## Data segment
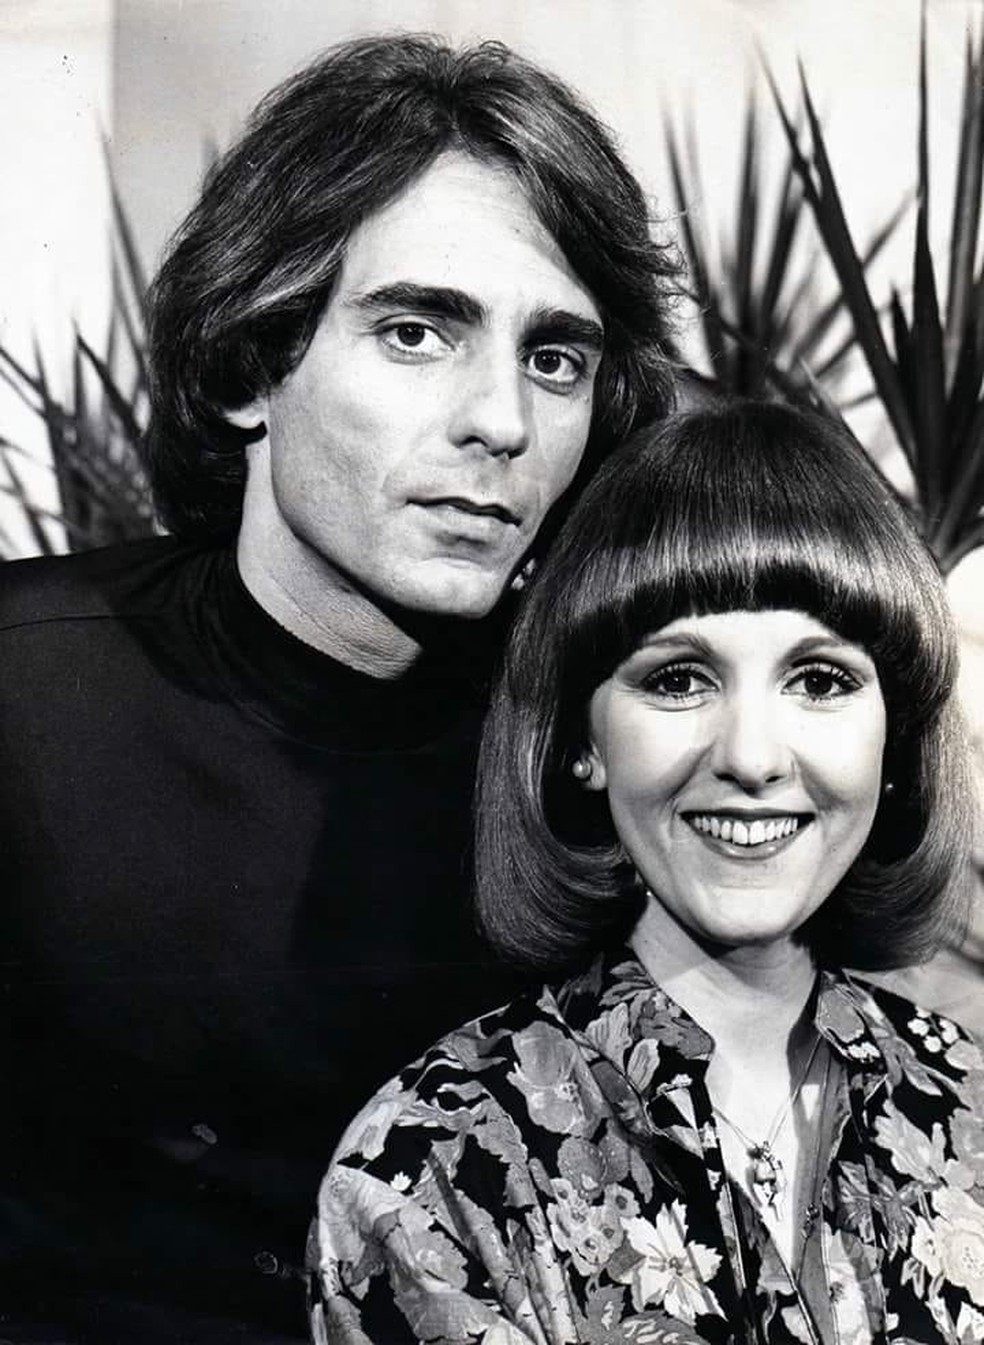 João Paulo Adour interpretava 'Ivan' e Patrícia Bueno era 'Gisa' na época da gravação da novela 'Dona Xepa', da Rede Globo, em 1977 (Foto: Arquivo pessoal / Patrícia Bueno)
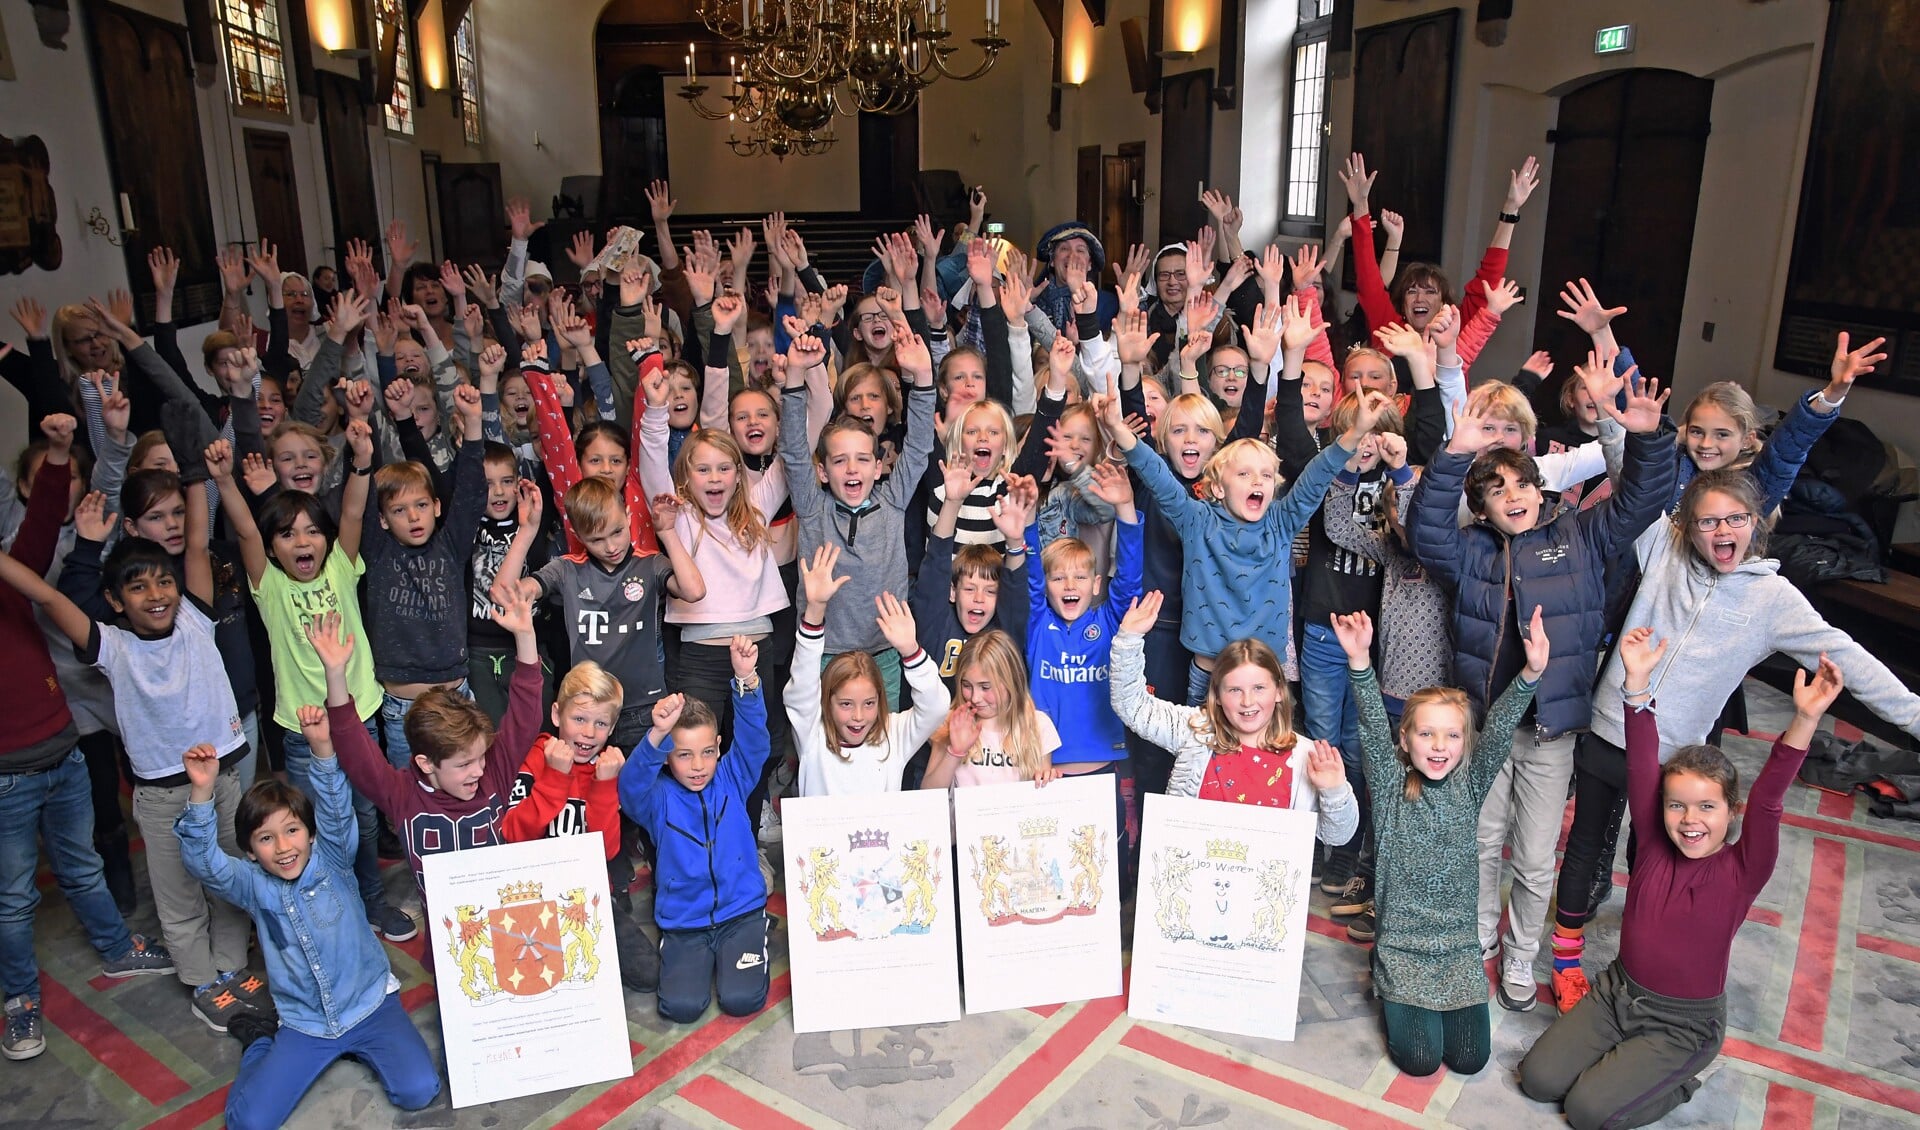 Mooie tekeningen en blije gezichten op het feestje van Haarlem (Foto: Onno Hulshof)
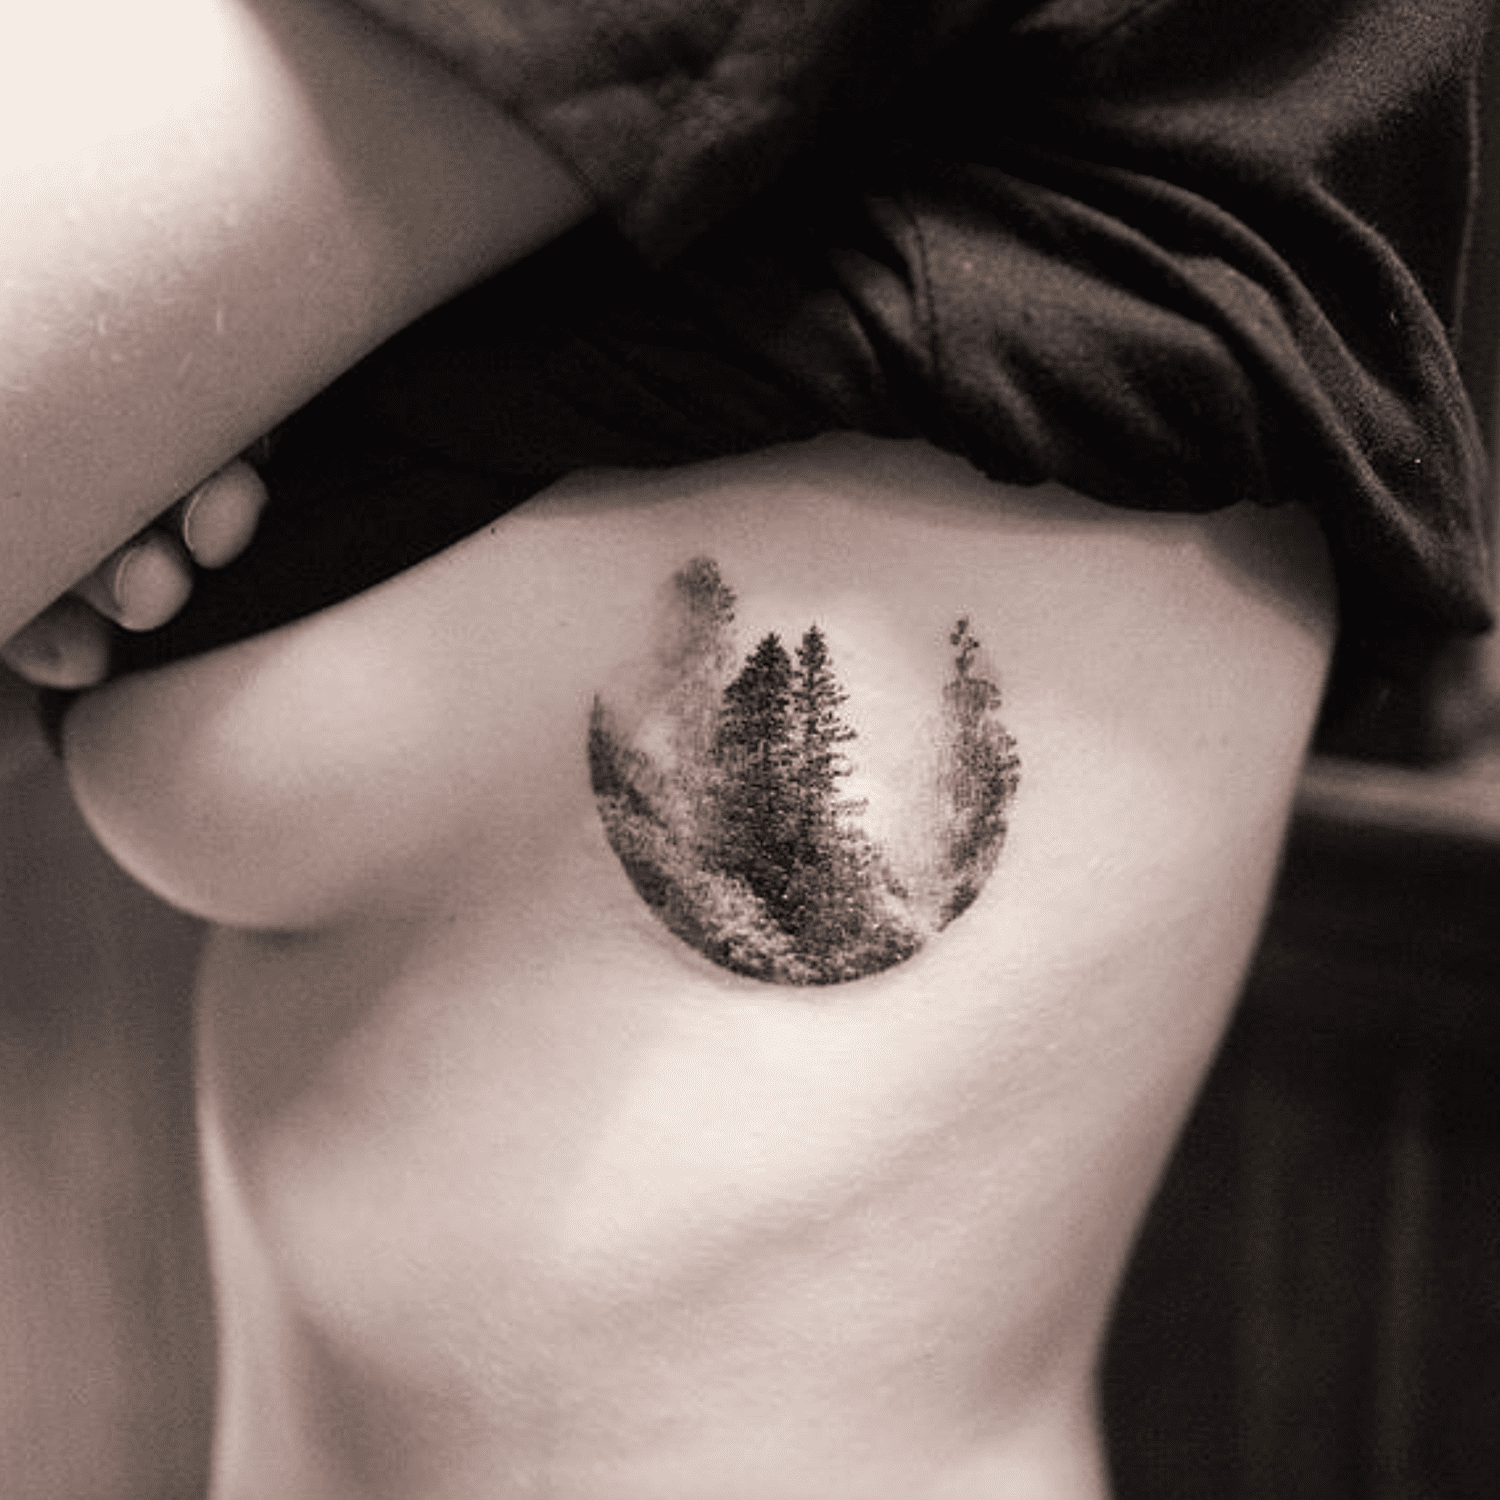 Tatuagem no peito em forma de vinheta circular de floresta

## About this exercise
Print the material word for word without images.

## Output below
 João Paulo Adour interpretava 'Ivan' e Patrícia Bueno era 'Gisa' na época da gravação da novela 'Dona Xepa', da Rede Globo, em 1977 (Foto: Arquivo pessoal / Patrícia Bueno)
 Mooie tekeningen en blije gezichten op het feestje van Haarlem (Foto: Onno Hulshof)
 Tatuagem no peito em forma de vinheta circular de floresta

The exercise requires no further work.